不过,如果细心的读者可能会发现,虽然Job配置有了,但是Prometheus的Target中并没包含任何的监控对象。查看Prometheus的Pod实例日志,可以看到如下信息:

  1. level=error ts=2018-12-15T12:52:48.452108433Z caller=main.go:240 component=k8s_client_runtime err="github.com/prometheus/prometheus/discovery/kubernetes/kubernetes.go:300: Failed to list *v1.Endpoints: endpoints is forbidden: User \"system:serviceaccount:monitoring:default\" cannot list endpoints in the namespace \"default\""

自定义ServiceAccount

由于默认创建的Prometheus实例使用的是monitoring命名空间下的default账号,该账号并没有权限能够获取default命名空间下的任何资源信息。

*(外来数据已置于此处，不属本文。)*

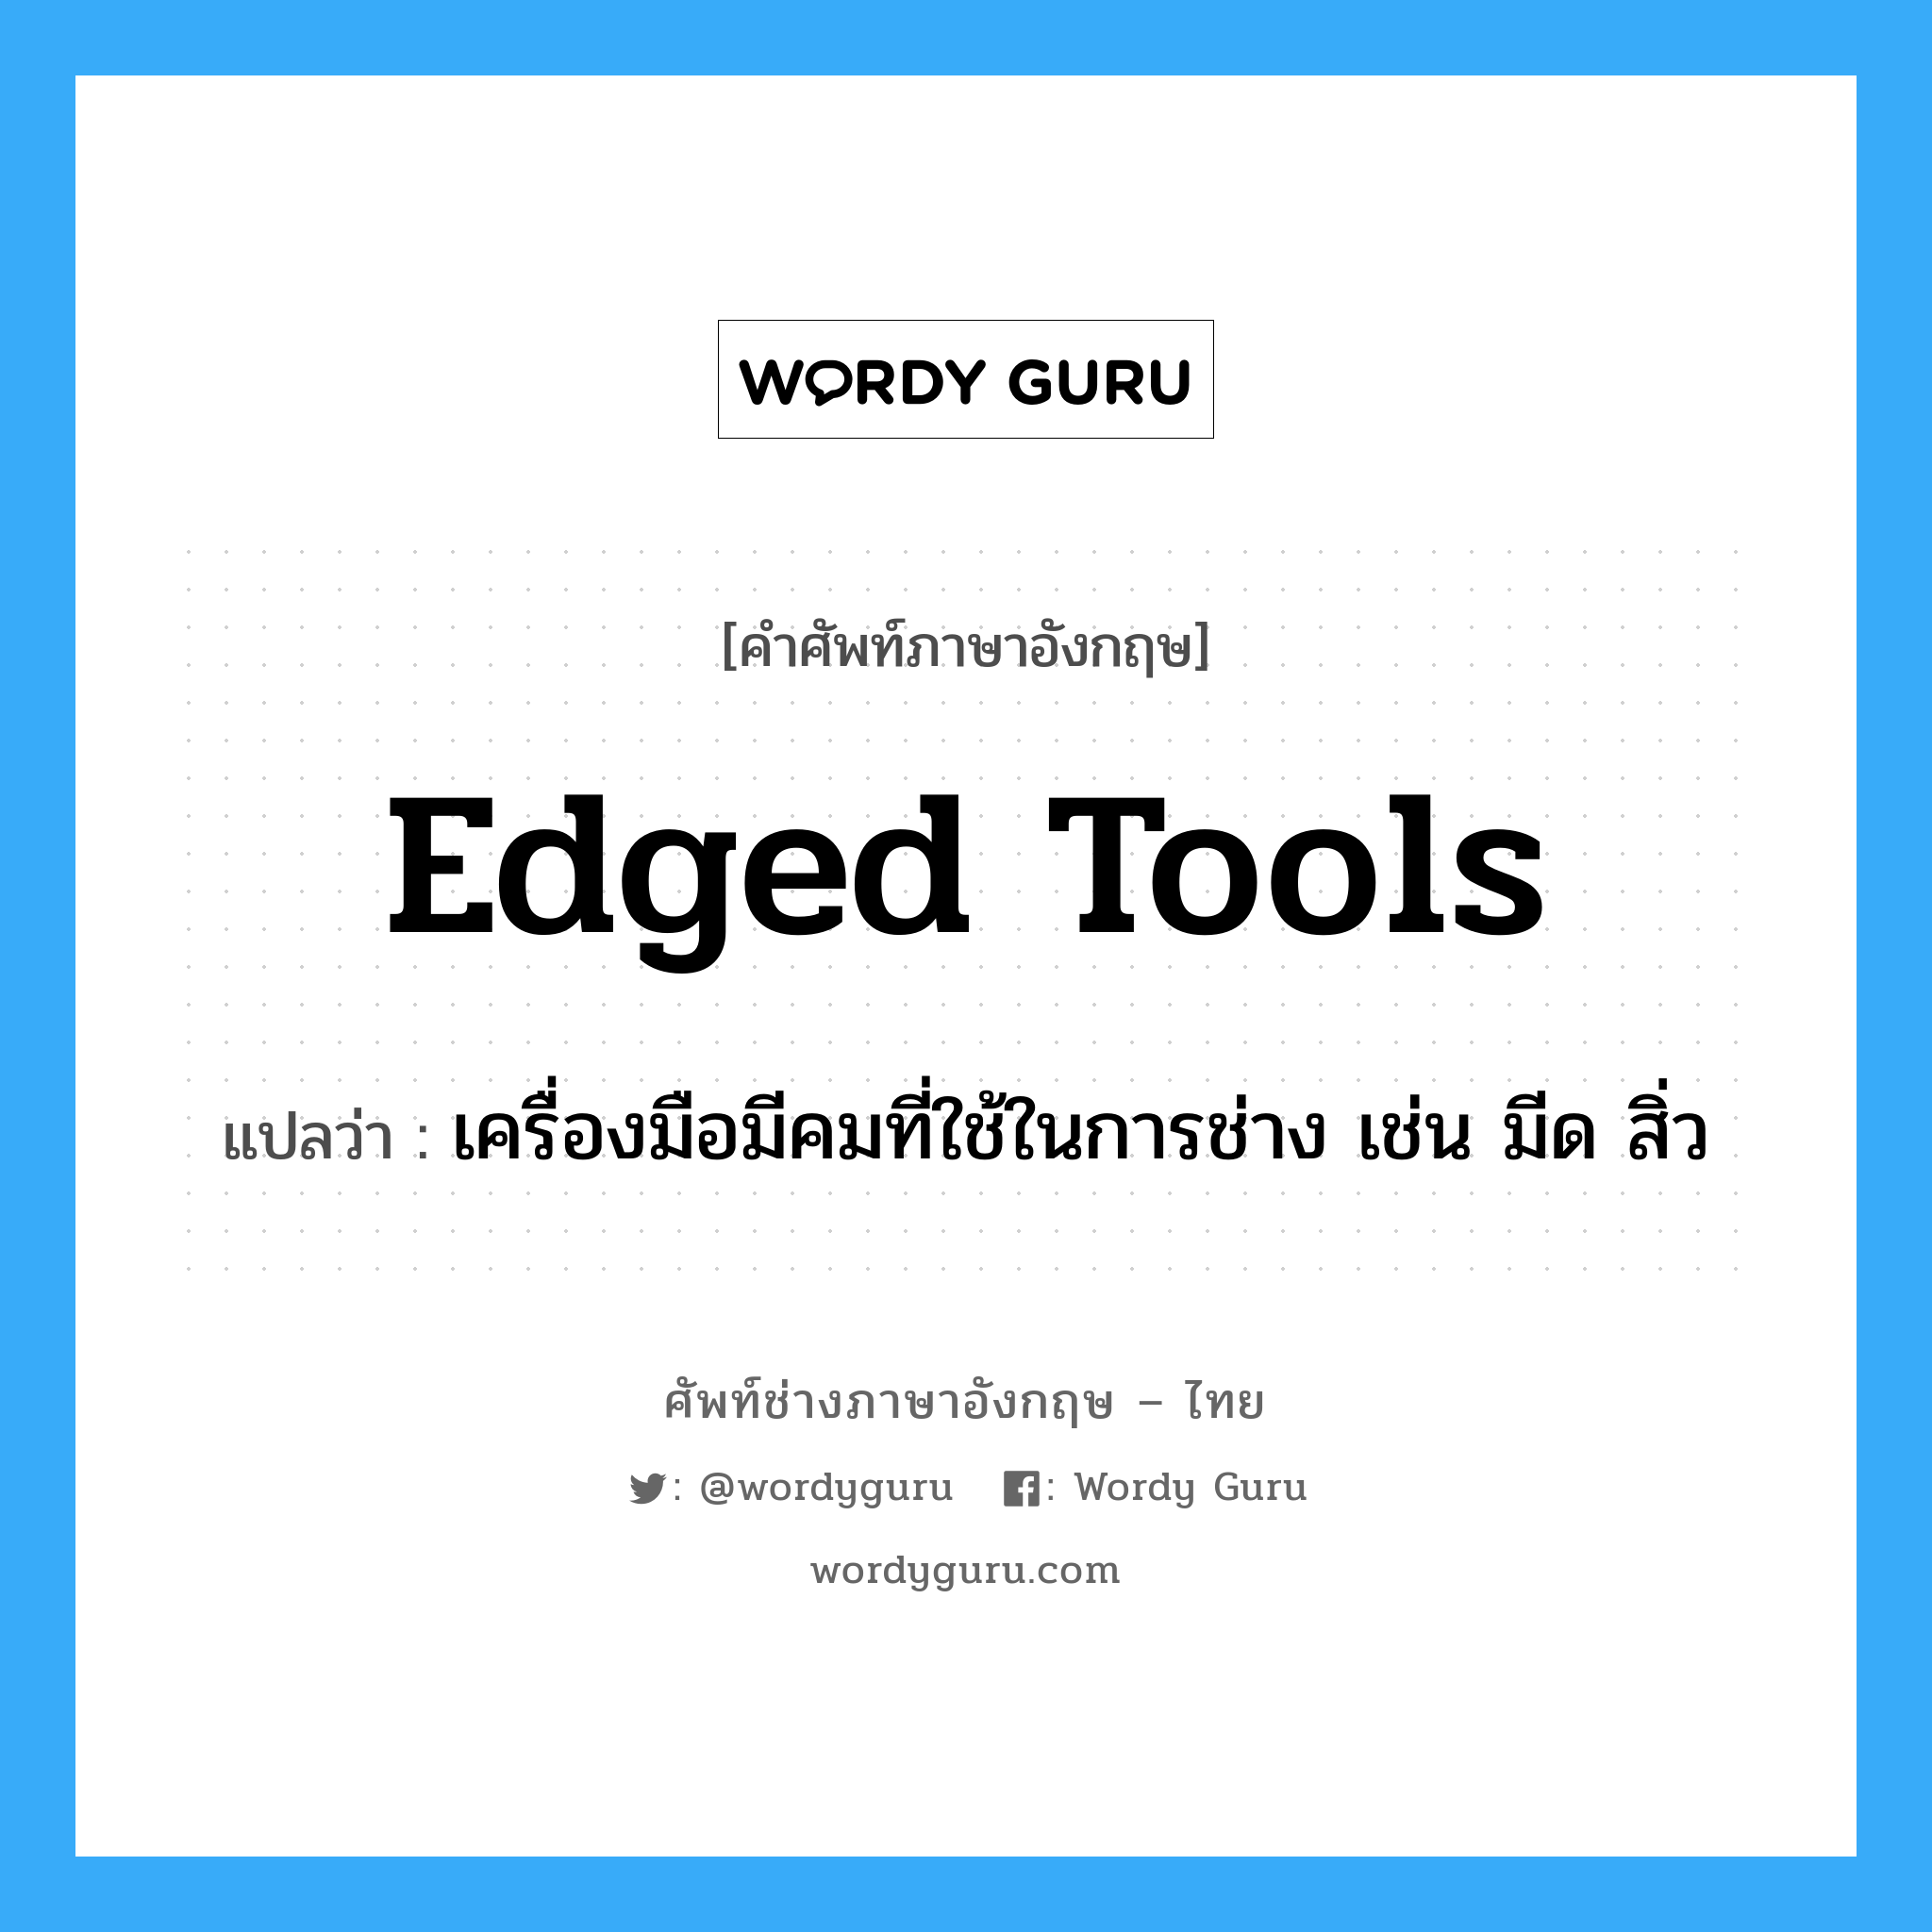 edged tools แปลว่า?, คำศัพท์ช่างภาษาอังกฤษ - ไทย edged tools คำศัพท์ภาษาอังกฤษ edged tools แปลว่า เครื่องมือมีคมที่ใช้ในการช่าง เช่น มีด สิ่ว

为了修复这个问题,我们需要在Monitoring命名空间下为创建一个名为Prometheus的ServiceAccount,并且为该账号赋予相应的集群访问权限。

  1. apiVersion: v1
  2. kind: ServiceAccount
  3. metadata:
  4. name: prometheus
  5. namespace: monitoring
  6. ---
  7. apiVersion: rbac.authorization.k8s.io/v1beta1
  8. kind: ClusterRole
  9. metadata:
  10. name: prometheus
  11. rules:
  12. - apiGroups: [""]
  13. resources:
  14. - nodes
  15. - services
  16. - endpoints
  17. - pods
  18. verbs: ["get", "list", "watch"]
  19. - apiGroups: [""]
  20. resources:
  21. - configmaps
  22. verbs: ["get"]
  23. - nonResourceURLs: ["/metrics"]
  24. verbs: ["get"]
  25. ---
  26. apiVersion: rbac.authorization.k8s.io/v1beta1
  27. kind: ClusterRoleBinding
  28. metadata:
  29. name: prometheus
  30. roleRef:
  31. apiGroup: rbac.authorization.k8s.io
  32. kind: ClusterRole
  33. name: prometheus
  34. subjects:
  35. - kind: ServiceAccount
  36. name: prometheus
  37. namespace: monitoring

将以上内容保存到prometheus-rbac.yaml文件中,并且通过kubectl创建相应资源:

  1. $ kubectl -n monitoring create -f prometheus-rbac.yaml
  2. serviceaccount/prometheus created
  3. clusterrole.rbac.authorization.k8s.io/prometheus created
  4. clusterrolebinding.rbac.authorization.k8s.io/prometheus created

在完成ServiceAccount创建后,修改prometheus-inst.yaml,并添加ServiceAccount如下所示:

  1. apiVersion: monitoring.coreos.com/v1
  2. kind: Prometheus
  3. metadata:
  4. name: inst
  5. namespace: monitoring
  6. spec:
  7. serviceAccountName: prometheus
  8. serviceMonitorSelector:
  9. matchLabels:
  10. team: frontend
  11. resources:
  12. requests:
  13. memory: 400Mi

保存Prometheus变更到集群中:

  1. $ kubectl -n monitoring apply -f prometheus-inst.yaml
  2. prometheus.monitoring.coreos.com/inst configured

等待Prometheus Operator完成相关配置变更后,此时查看Prometheus,我们就能看到当前Prometheus已经能够正常的采集实例应用的相关监控数据了。